The most dire reading of this excerpt has it that no Zubrowka available in the United States has actually been made with bison grass, and is therefore basically just your same artificially-flavored vodka; and thus certainly unworth my time. But I don’t have all the information yet.

The next in our list of potential vodkalikes is Siwucha, a Polish unrectified spirit. Basically, it’s what you get when you make vodka incompletely, and you don’t distill out every last flavor molecule from the original material. Ie, moonshine, but now made in a factory. An interesting proposition, but I have no tasting data.

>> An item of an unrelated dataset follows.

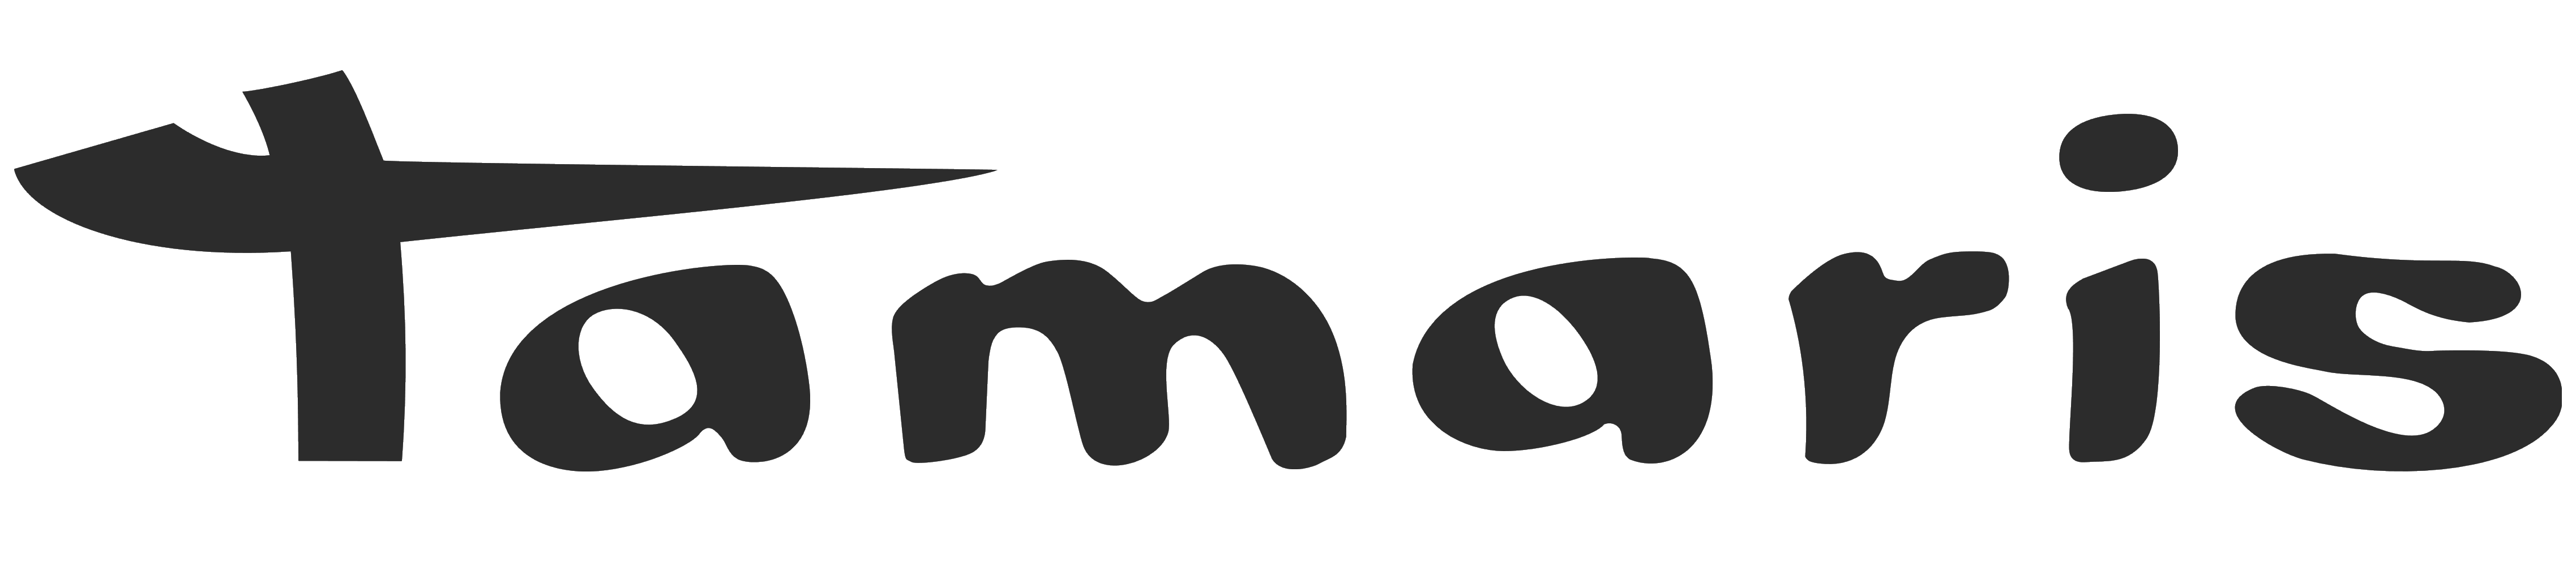 Tamaris_logo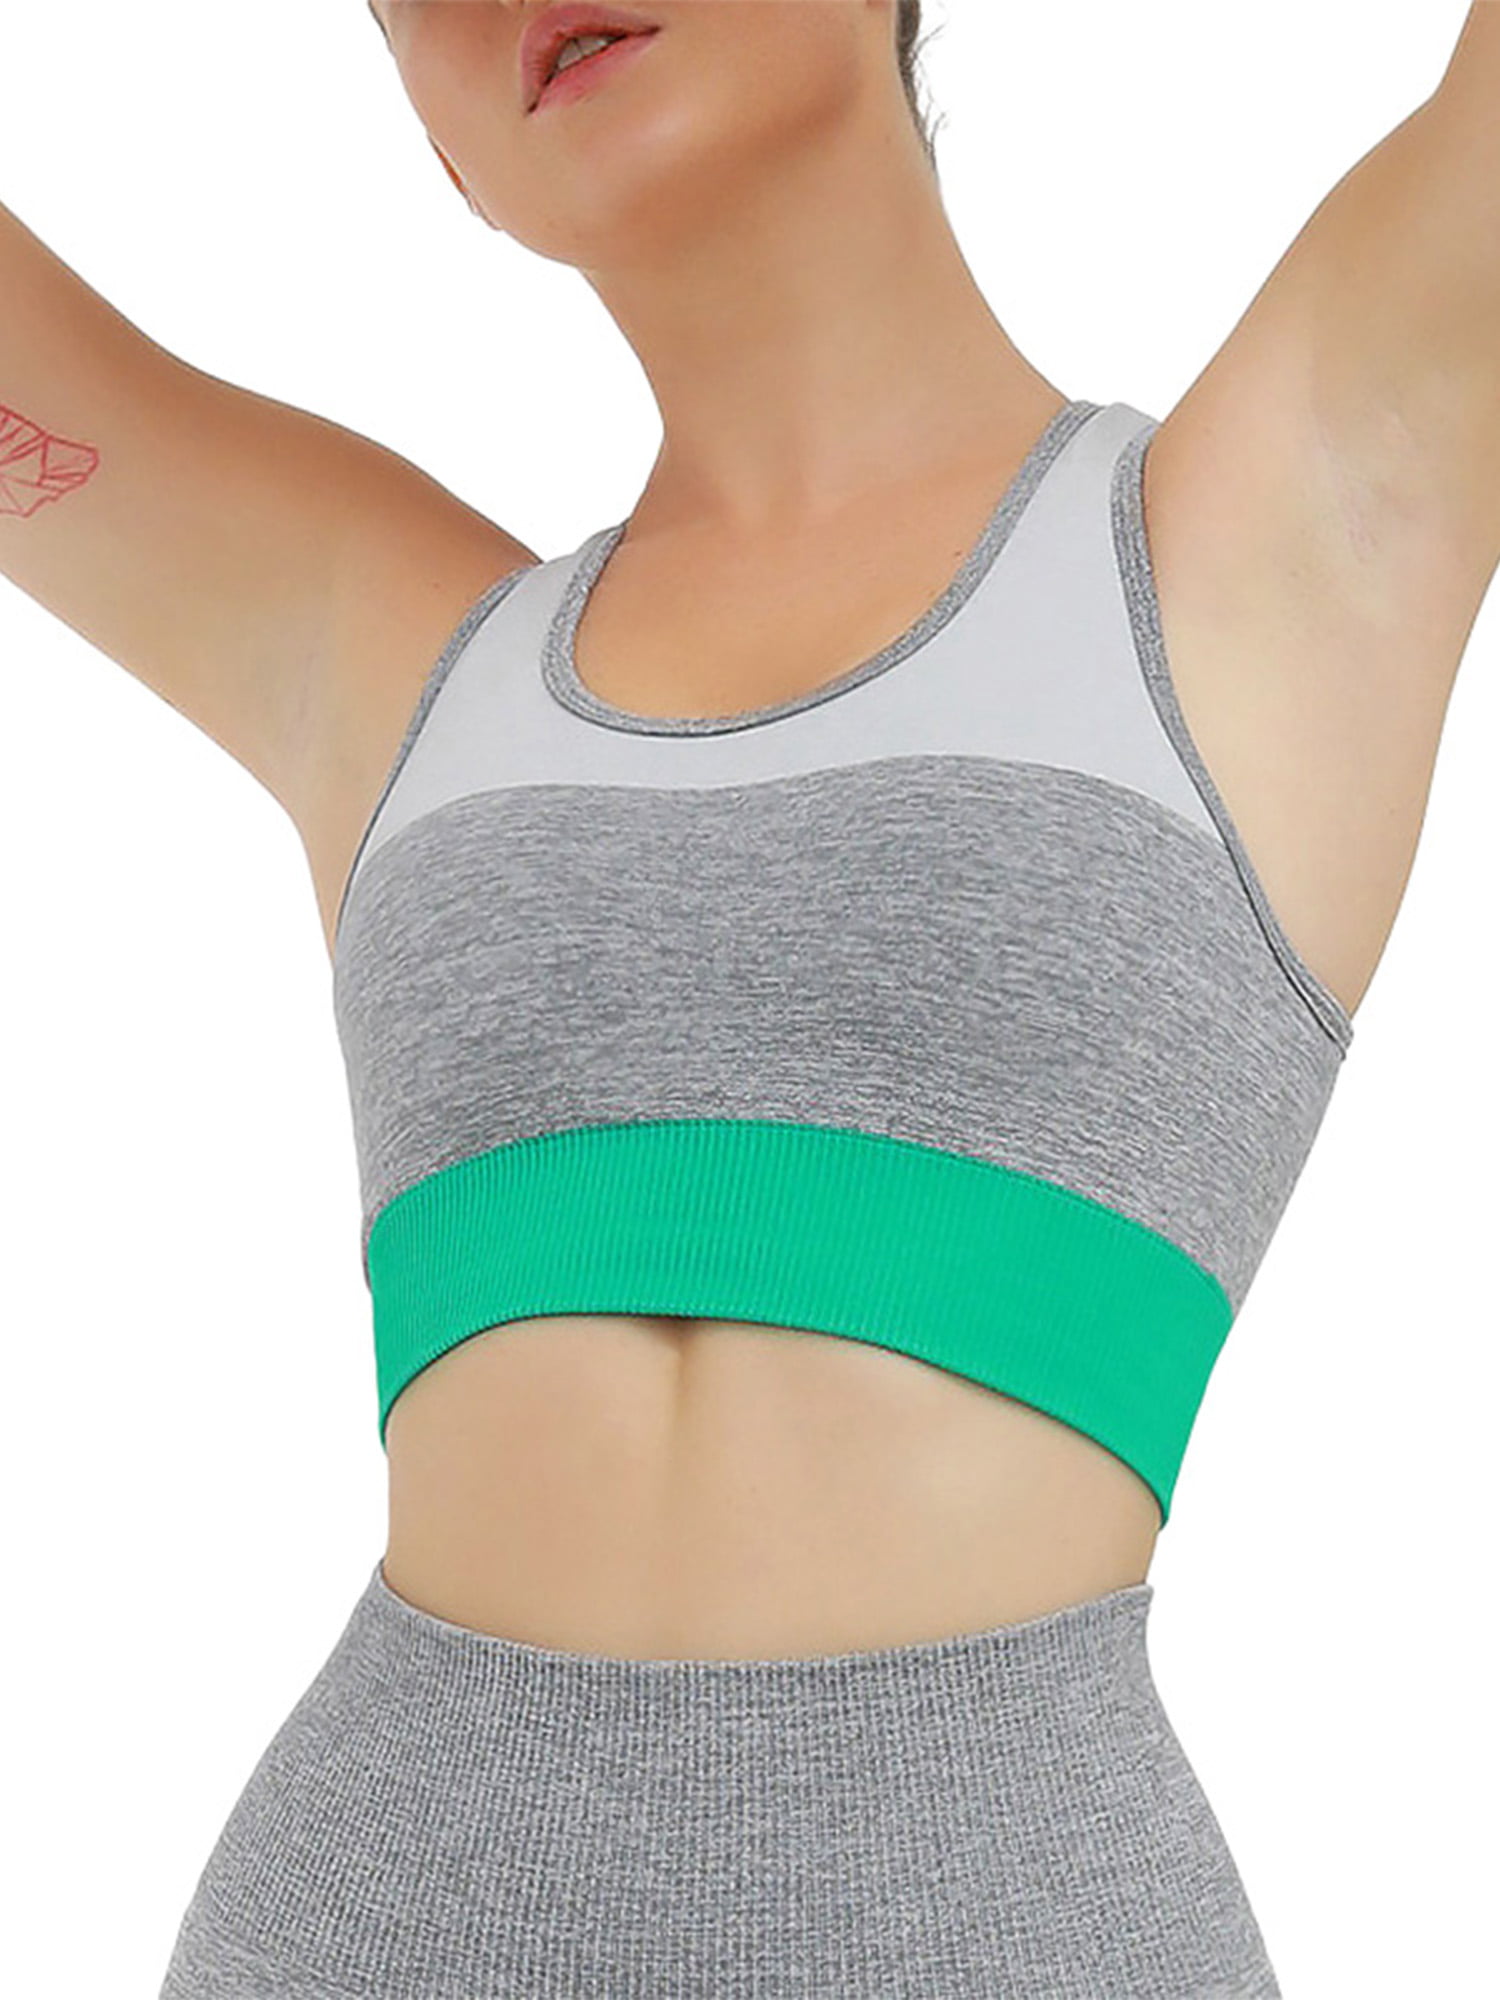 Details about   Women Cross Backless Patchwork Pattern Yoga Bra Sportswear Fitness Tank Crop Top

I don’t know if aquavit counts for your purposes, but it certainly should, because it’s delicious. It’s scandinavian, and it’s a grain spirit, so there shouldn’t be any problem. Flavored with a variety of herbs, but generally with the characteristic flavor of caraway (think rye bread), and sometimes aged, it’s going to be a tough one to mix with (especially if you’re trying to replicate the flavor of a popsicle), but absolutely delicious on its own. One of the few things I drink from the freezer, too.

Marskin ryyppy is a Finnish tradition; originally conceived as a way to slightly improve the taste of wretched army vodka, it’s basically a liter of aquavit, or brannvin (read: vodka), or vodka itself, with a dash of vermouth and couple dashes of gin. This was the original recipe, in Mannerheim’s Finland; I don’t know how they make its bottled equivalent.

Also of Finnish extraction is Koskenkorva, which as near as I can tell is quite simply a vodka, distilled to 38%, but which I include here separately because apparently if you call it a vodka in Finland you’ll get shot. And anyway, because they have a very popular variant flavored with Salmiakki, and if that isn’t worth at least seeing with your own eyes then I must be in the wrong thread. Koskenkorva is the hometown cousin of Finlandia vodka, which are made from the same stuff, but Koskenkorva gets a tiny bit of sugar at some point.